I COULDN’T FALL asleep that night either. Big surprise.
After sitting at the bottom of those stairs for God knew how long—half wanting her to come back and argue with me, half wondering if I’d made it all up in my alcohol-induced stupor—I finally made my way back into the bedroom. I wheeled up to the same broken window and stared out it until my eyes watered.
I kept both the bottle and the ring between my legs, too scared to let go of the bottle for one reason and too scared to let go of the ring for another reason. I could have one but not both. They couldn’t coexist. Of course I knew which one I wanted—that was a no-brainer—but I knew with just as much certainty I couldn’t have her. So really, the choice of which to let go and which to curl my fingers around was a simple one, but I wasn’t ready to let go of that ring and everything it symbolized quite yet. In the morning, when I was fresh from a few hours of rest and had slept off the whiskey . . . then maybe, but not tonight.
I had a few hours left of pretending the girl I’d purchased the ring for was still mine.

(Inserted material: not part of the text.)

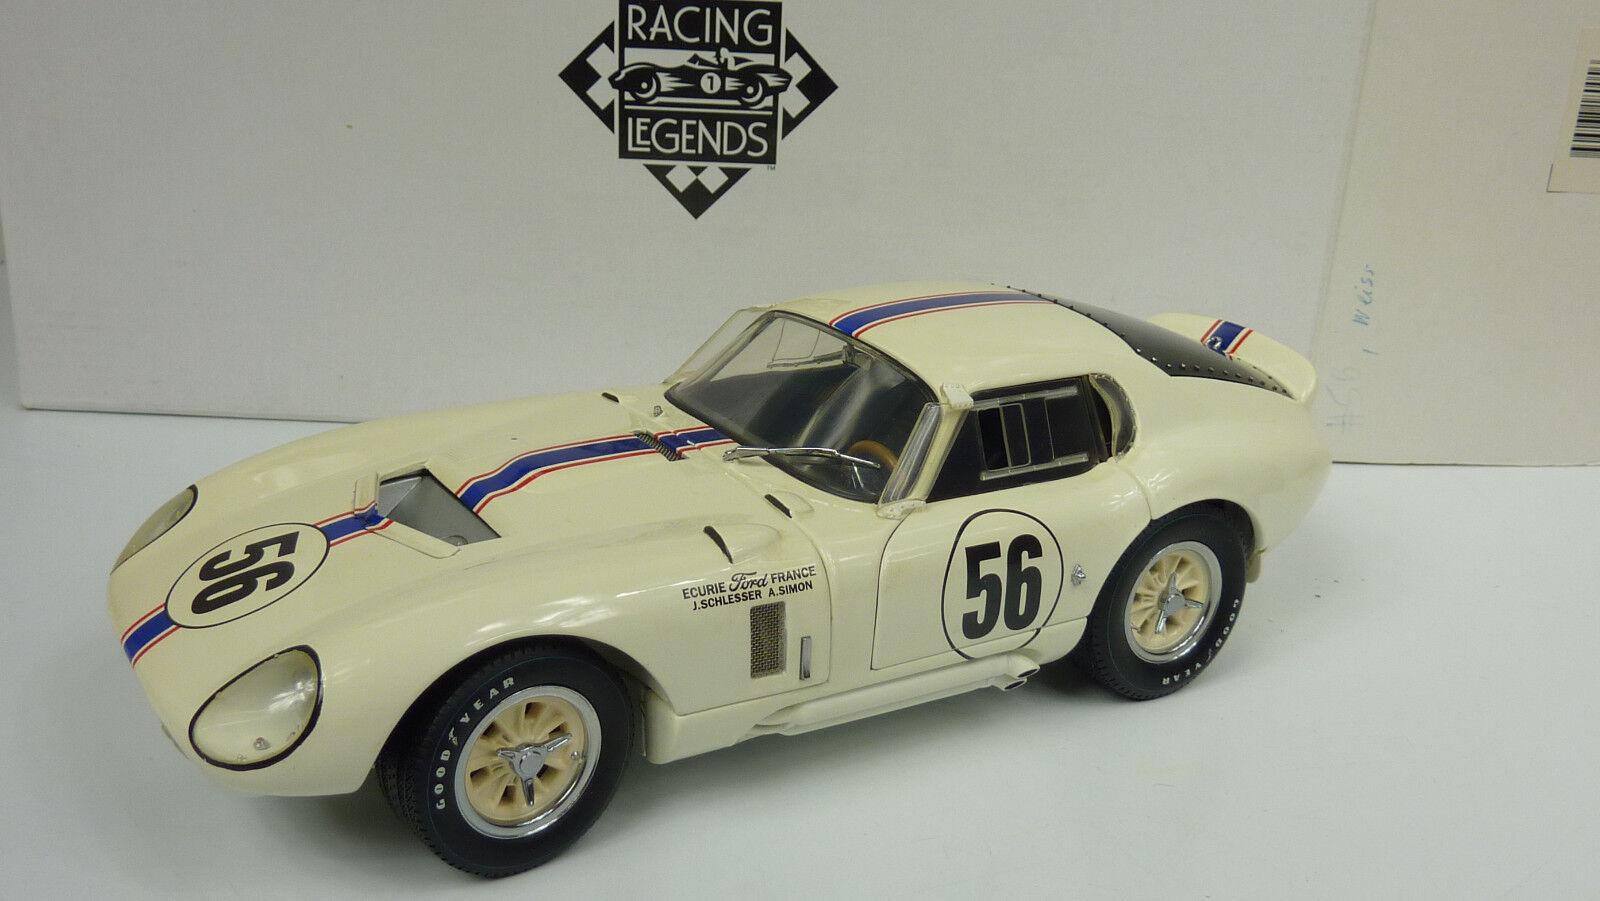 Exoto Racing Legens 1 18 SHELBY COBRA COBRA COBRA DAYTONA COUPE 1965 in OVP (A659)  | Vielfalt  b530b1
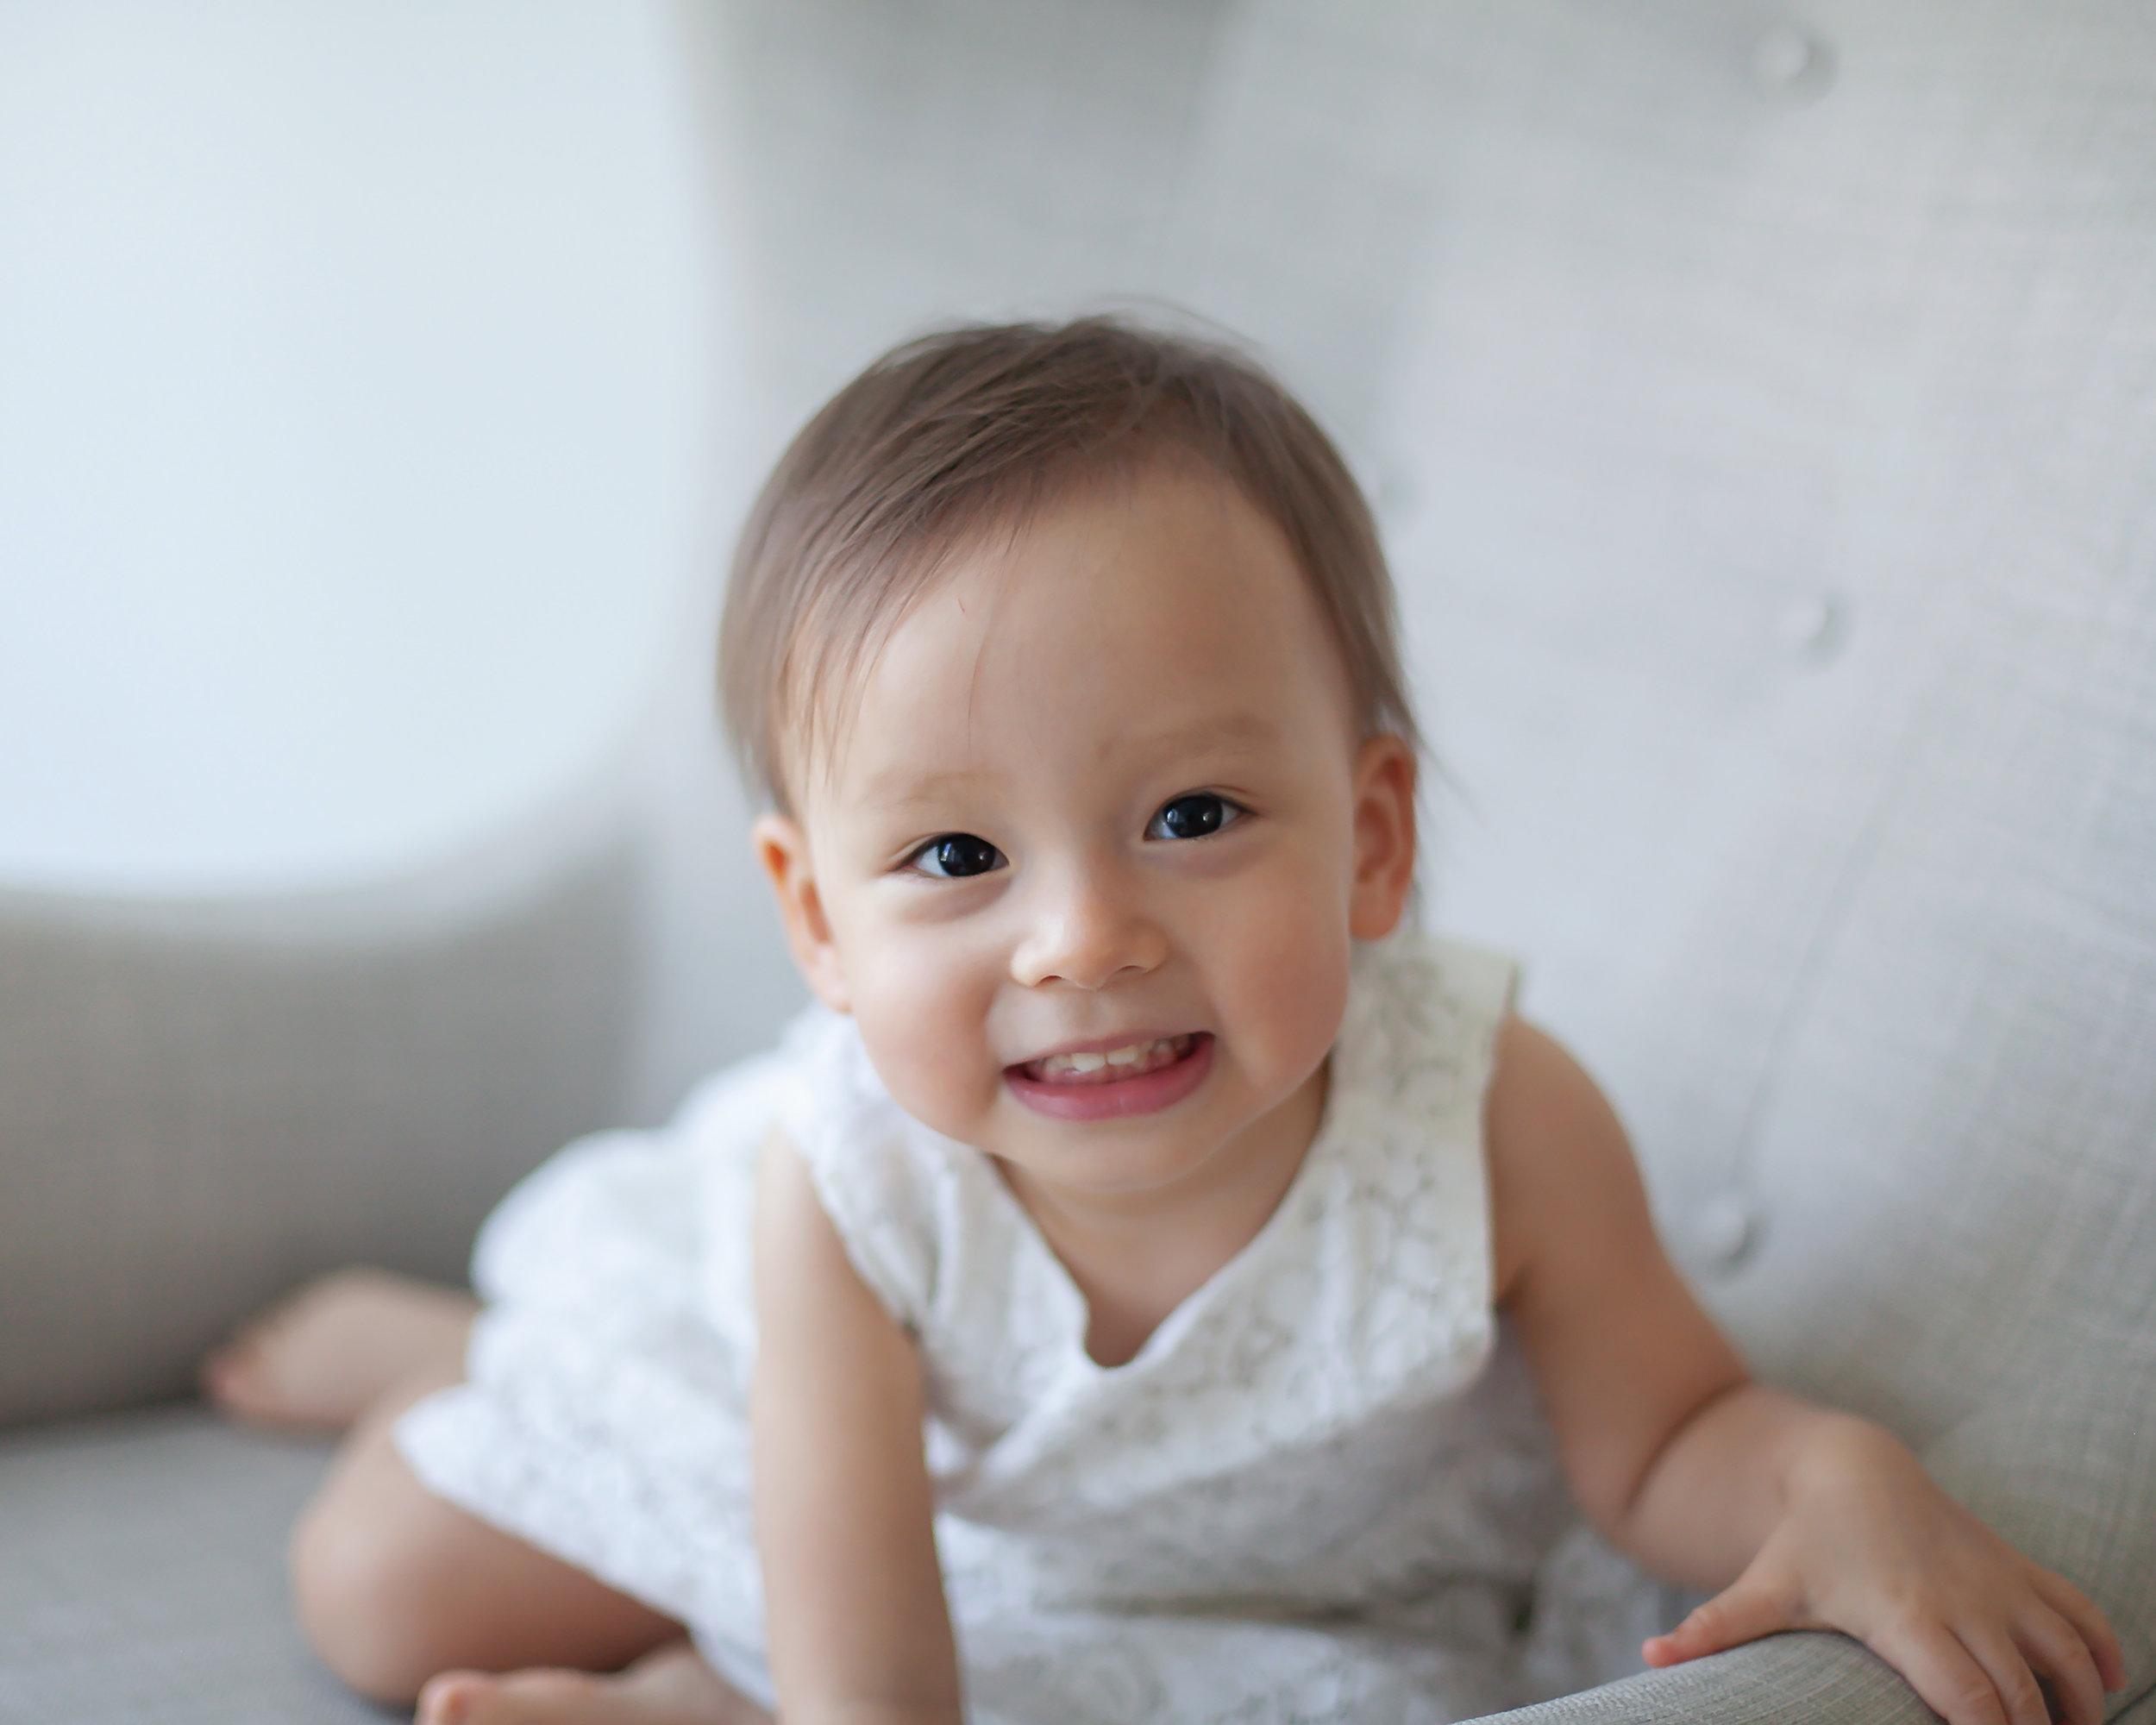 Oshawa_Toronto_Ajax_Big_Sister_Baby_Photography_Studio_Petra_King_Photorgaphy

That thought must have lulled me to sleep finally because I didn’t know I’d fallen asleep until I snapped awake from the sound of something shattering. I was still in my chair and had a splitting headache to show for my drinking, but at least I could see straight again and didn’t feel like the room was slowly revolving around me.
“Josie?” I called, my voice hoarse from sleep and whiskey.
No reply came.
I held my breath and listened. The old house might have creaked and whined and groaned like nothing else, but it didn’t make shattering noises. No, people made shattering noises.
“Josie?” This time my voice was louder. I turned around in my chair and wheeled toward the doorway before stopping when I heard sounds coming from the kitchen. Not just the sounds of the fridge buzzing or the floorboards cracking or the walls creaking . . . the sounds of someone ripping open drawers and cupboards, searching for something. “Josie? Is that you?”
The sounds in the kitchen came to a sudden stop. I swallowed when no answer came. It wasn’t Josie. I stayed quiet for a minute, waiting for the next noises, but nothing came. I’d almost convinced myself I’d been half-dreaming those breaking, rummaging noises when a different sound filled the house. This one I knew, and even though it was just the old floorboards creaking, they creaked the way they did when someone was walking over them.
The sounds got closer, which meant whoever it was was making their way down the hall . . . past the stairway . . . coming to a stop just outside the doorway.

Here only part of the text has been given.